◆ Dataset excerpt:
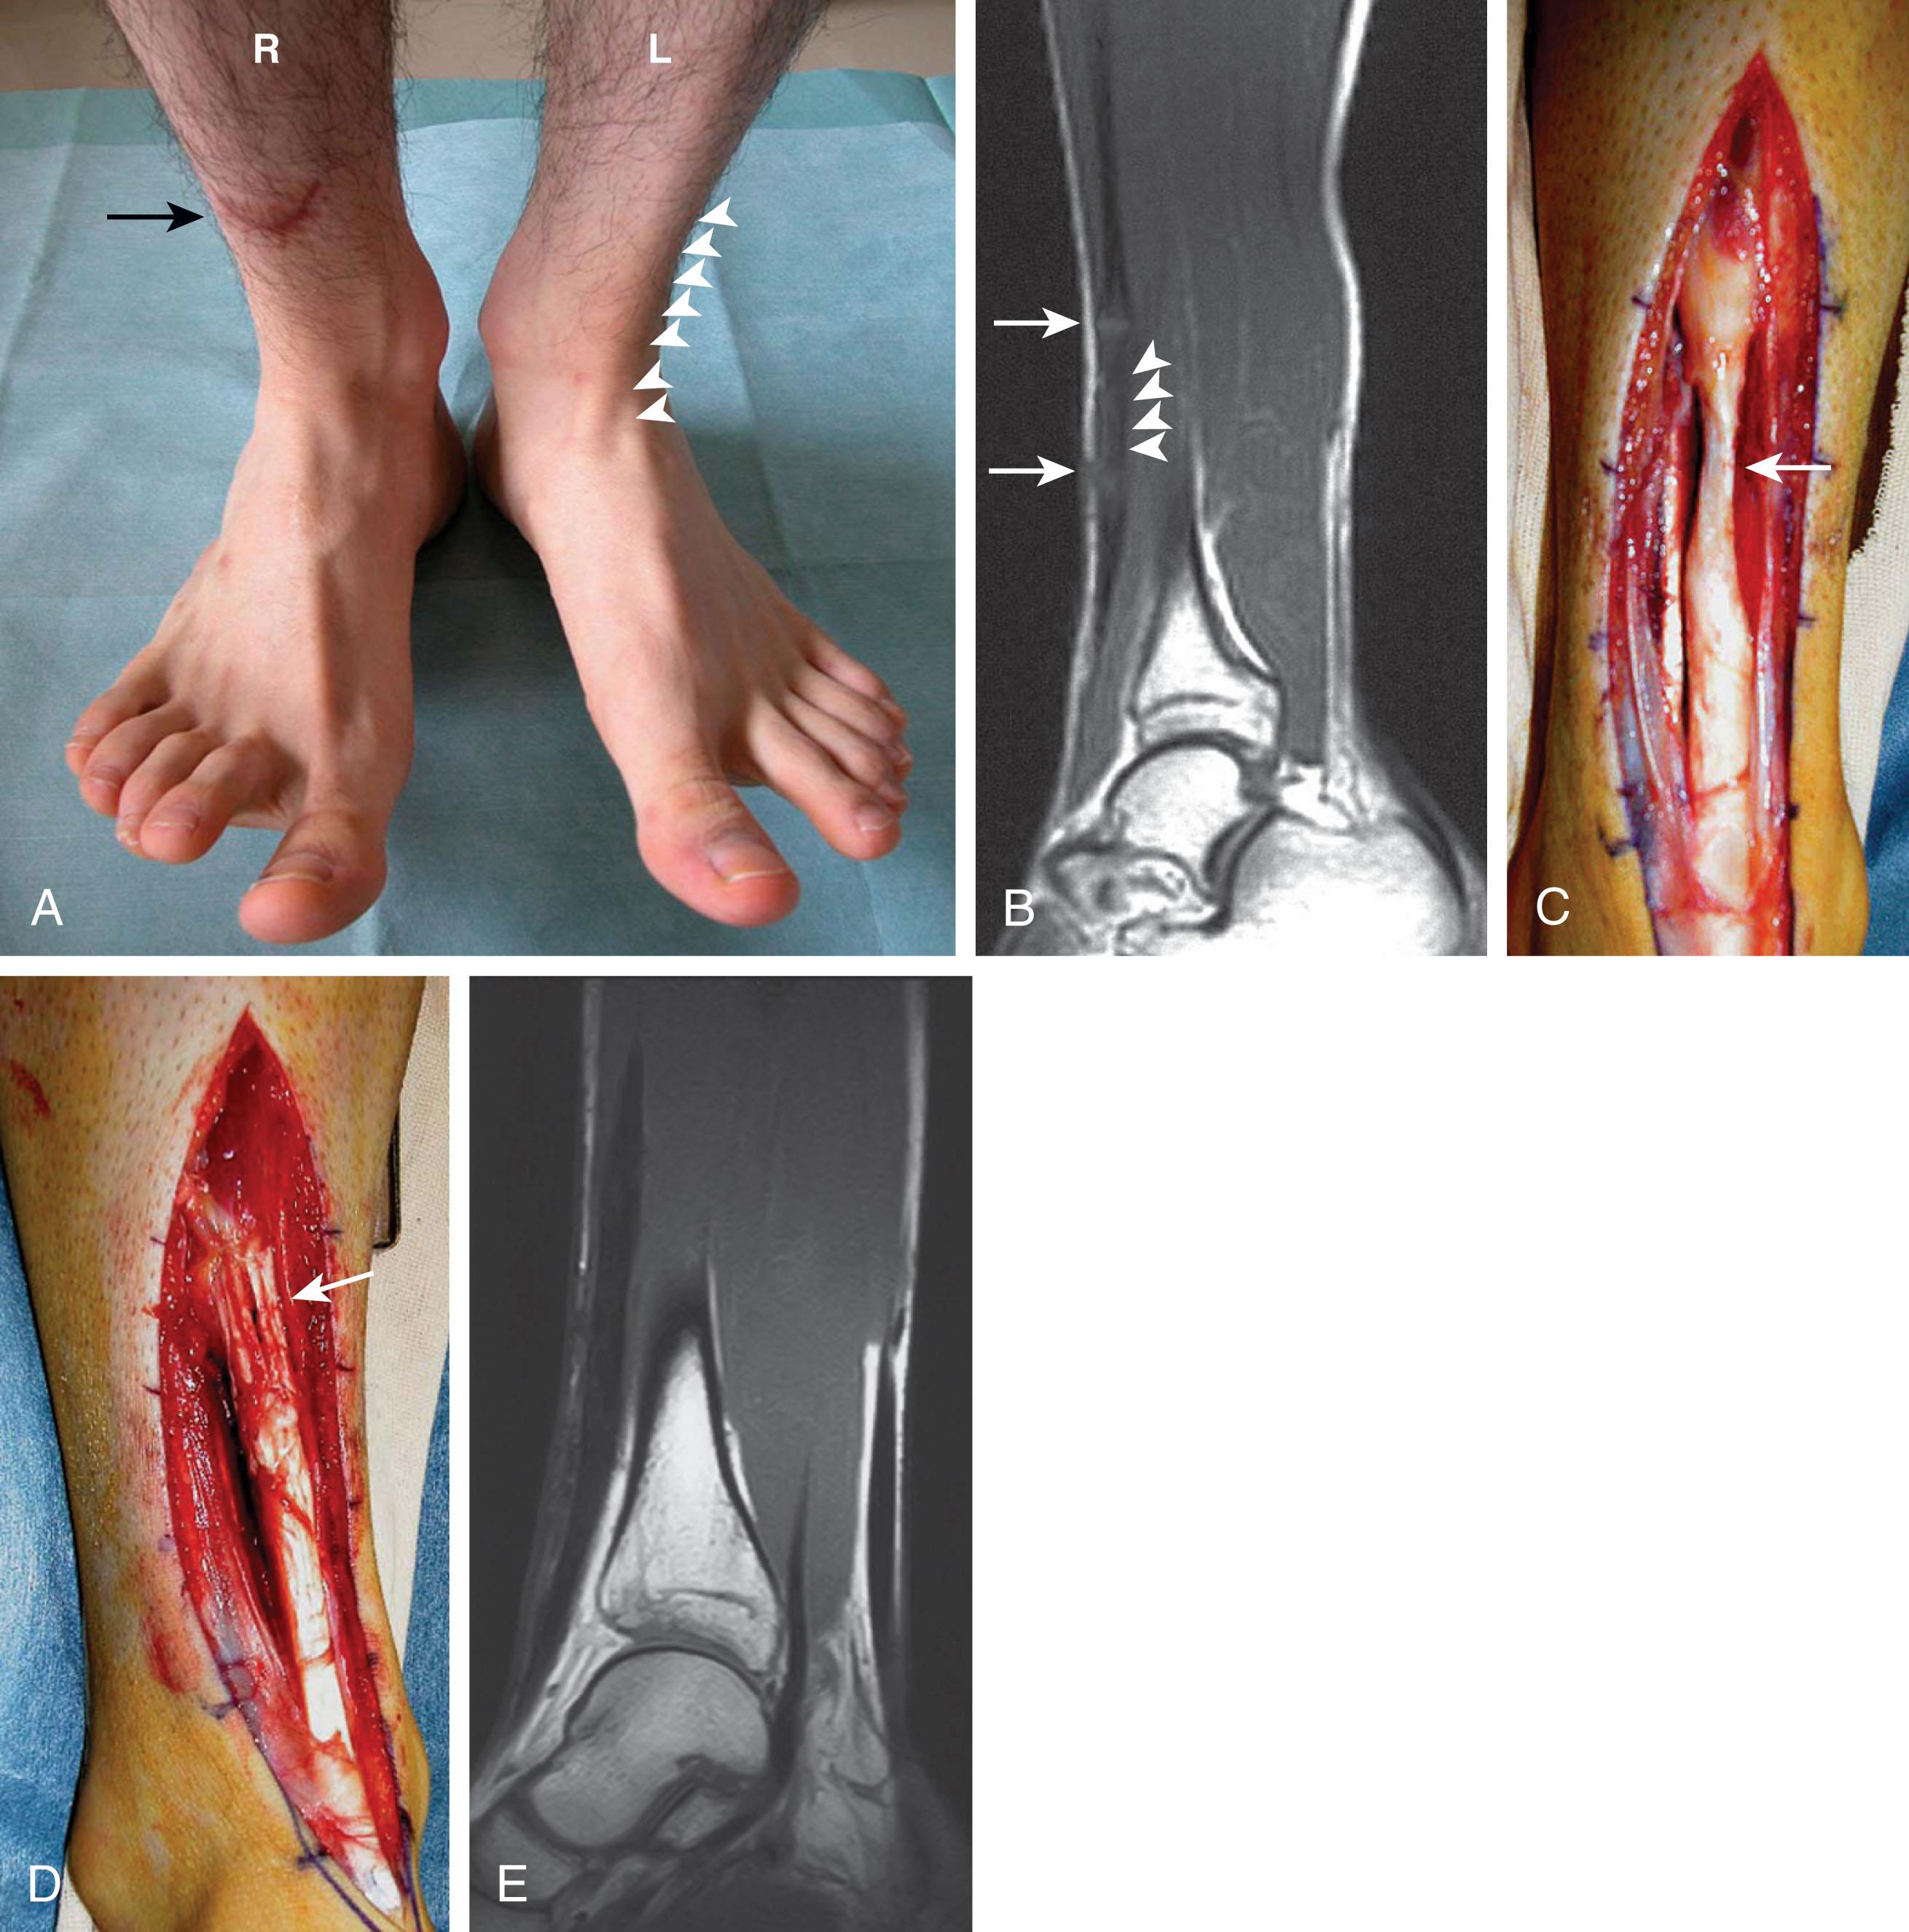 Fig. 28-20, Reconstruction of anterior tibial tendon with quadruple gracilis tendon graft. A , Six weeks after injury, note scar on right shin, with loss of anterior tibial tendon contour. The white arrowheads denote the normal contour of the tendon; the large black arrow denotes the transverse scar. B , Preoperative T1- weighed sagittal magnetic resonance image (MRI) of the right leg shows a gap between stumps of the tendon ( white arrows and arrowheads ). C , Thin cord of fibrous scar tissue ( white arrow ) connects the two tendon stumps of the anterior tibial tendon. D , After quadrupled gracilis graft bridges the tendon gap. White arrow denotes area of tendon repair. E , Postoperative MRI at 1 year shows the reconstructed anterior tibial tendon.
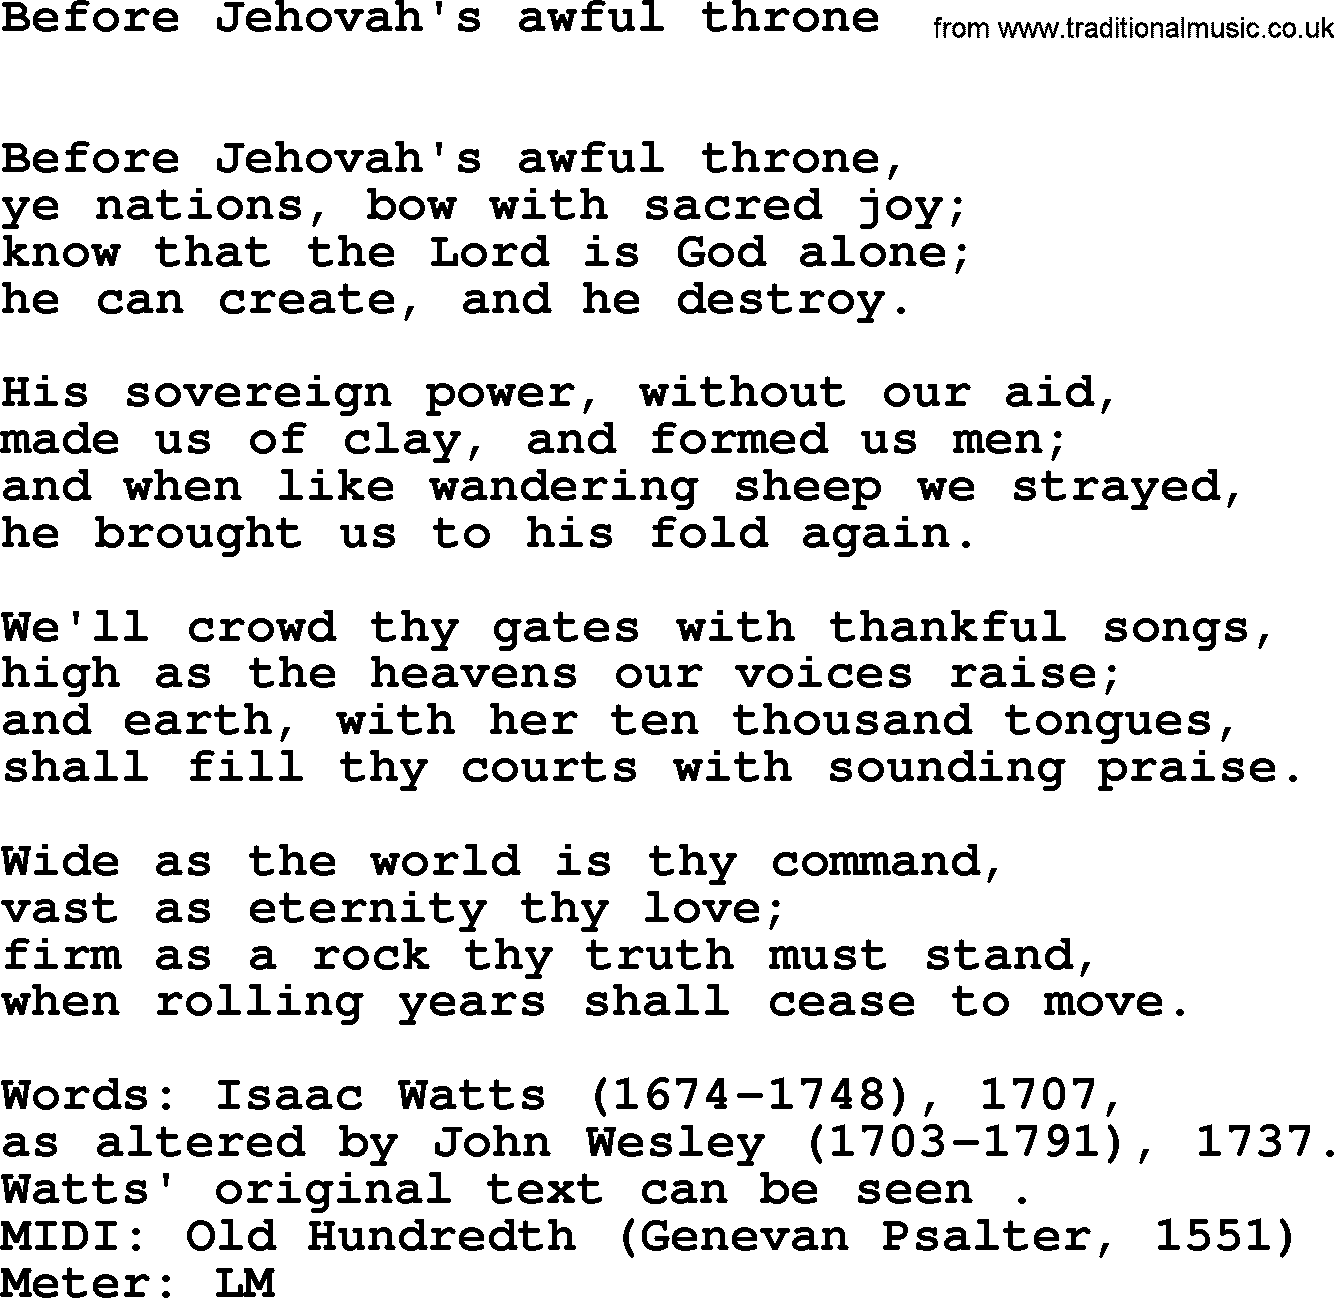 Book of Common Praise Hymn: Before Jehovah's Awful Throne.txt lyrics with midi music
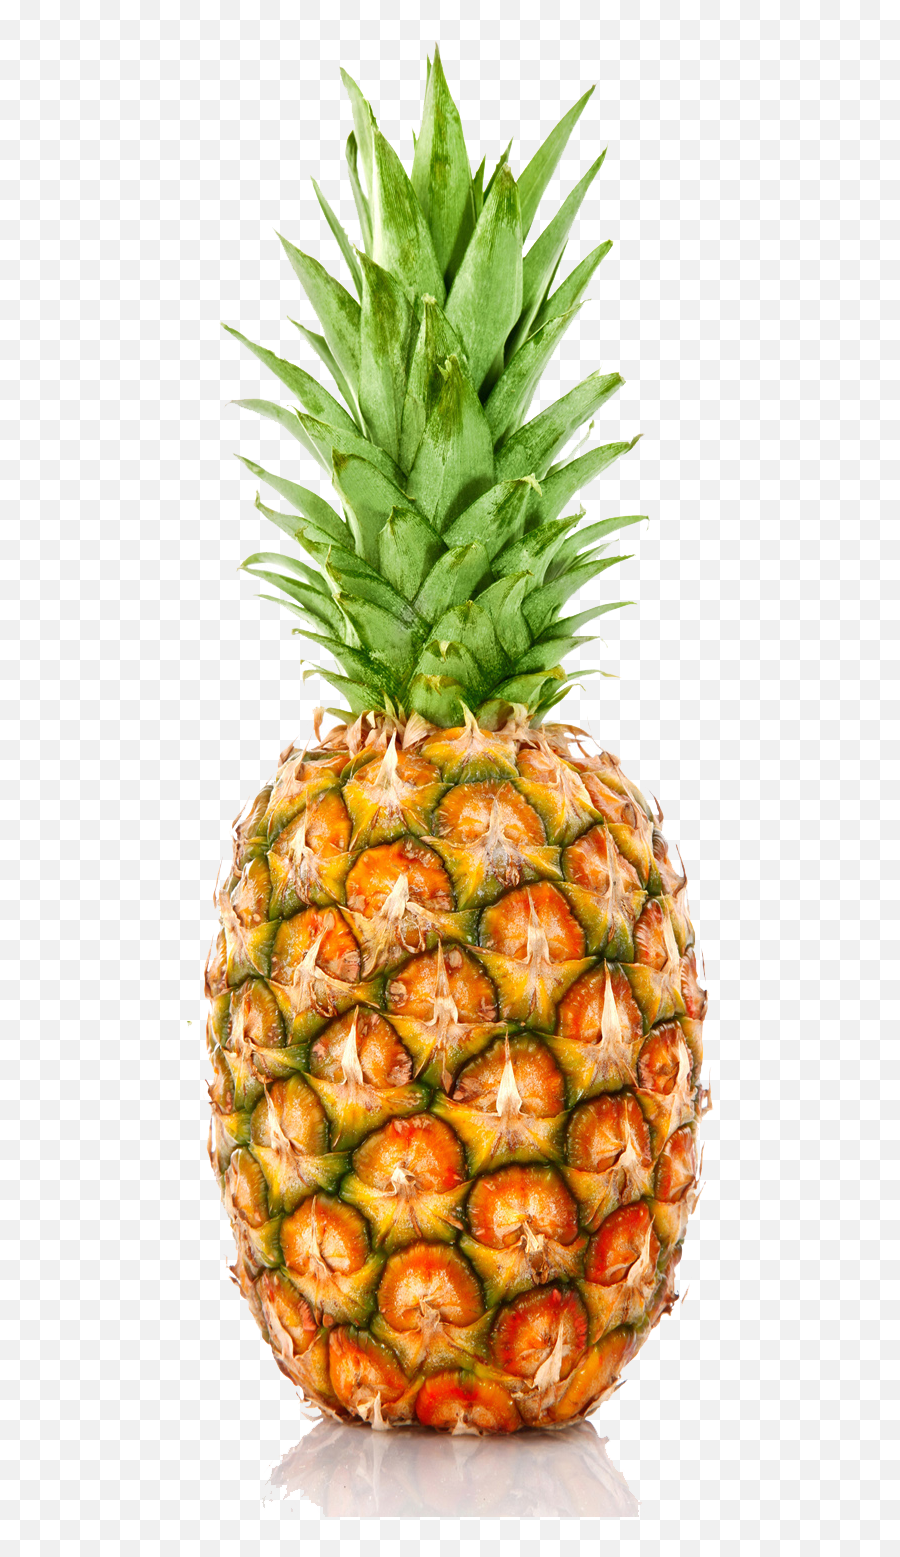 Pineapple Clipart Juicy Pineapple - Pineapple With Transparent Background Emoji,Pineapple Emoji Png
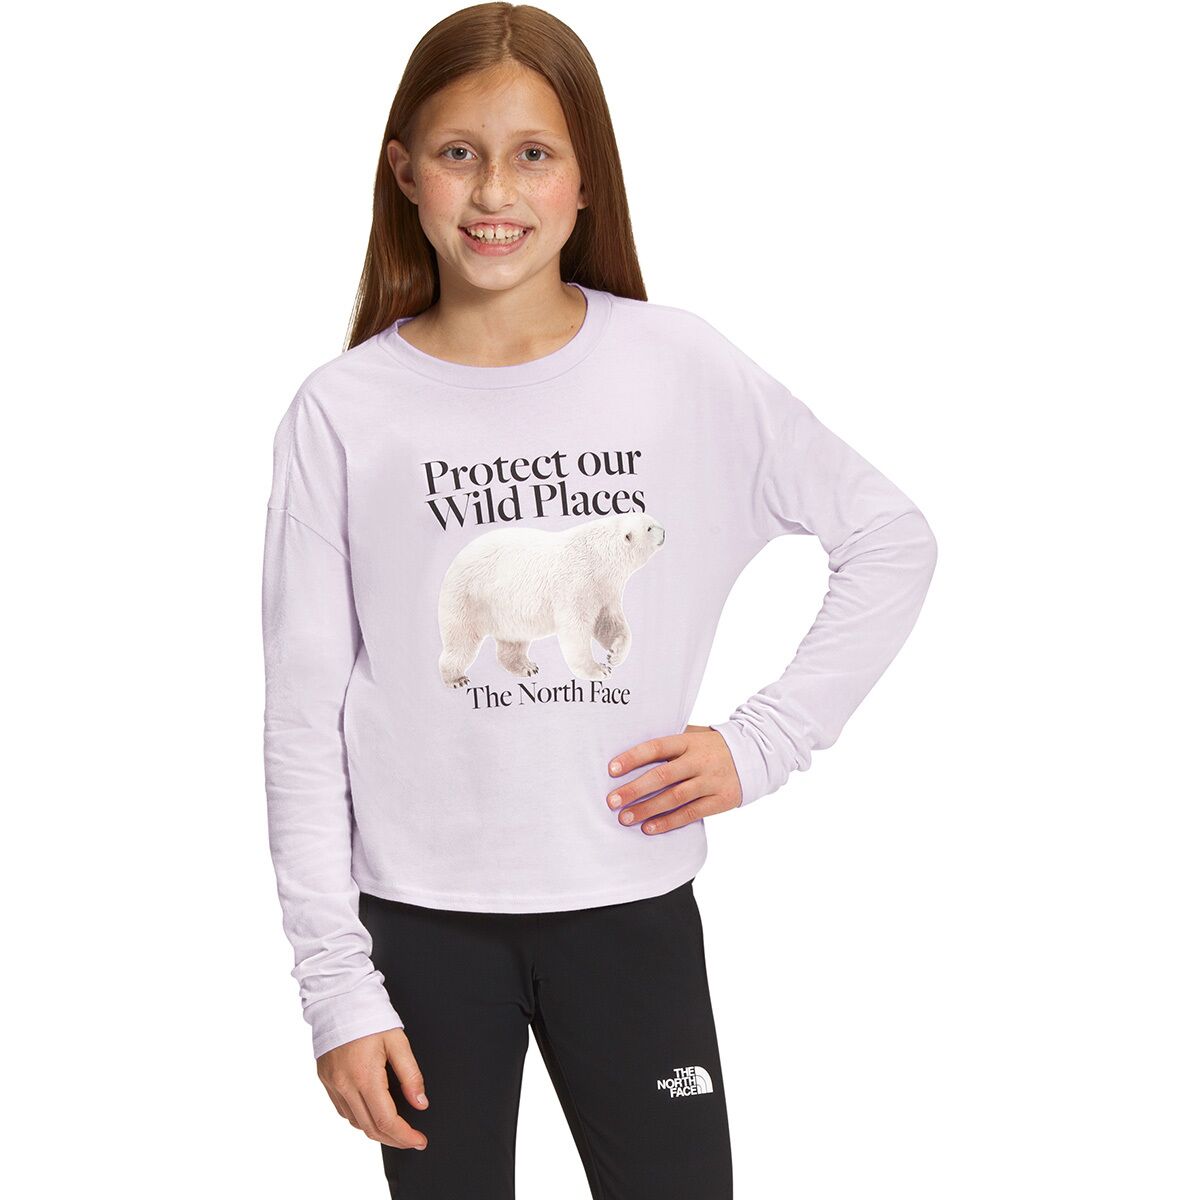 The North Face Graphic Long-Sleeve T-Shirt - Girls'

◆ What you need to do: Starting from the line that has "Book of Common" and ending at the last line of the material above, every line should be output exactly; pictures are dropped and nothing else appears.

◆ Solution to the exercise:
 Book of Common Praise Hymn: Before Jehovah's Awful Throne.txt lyrics with midi music
 Pineapple Clipart Juicy Pineapple - Pineapple With Transparent Background Emoji,Pineapple Emoji Png
 The North Face Graphic Long-Sleeve T-Shirt - Girls'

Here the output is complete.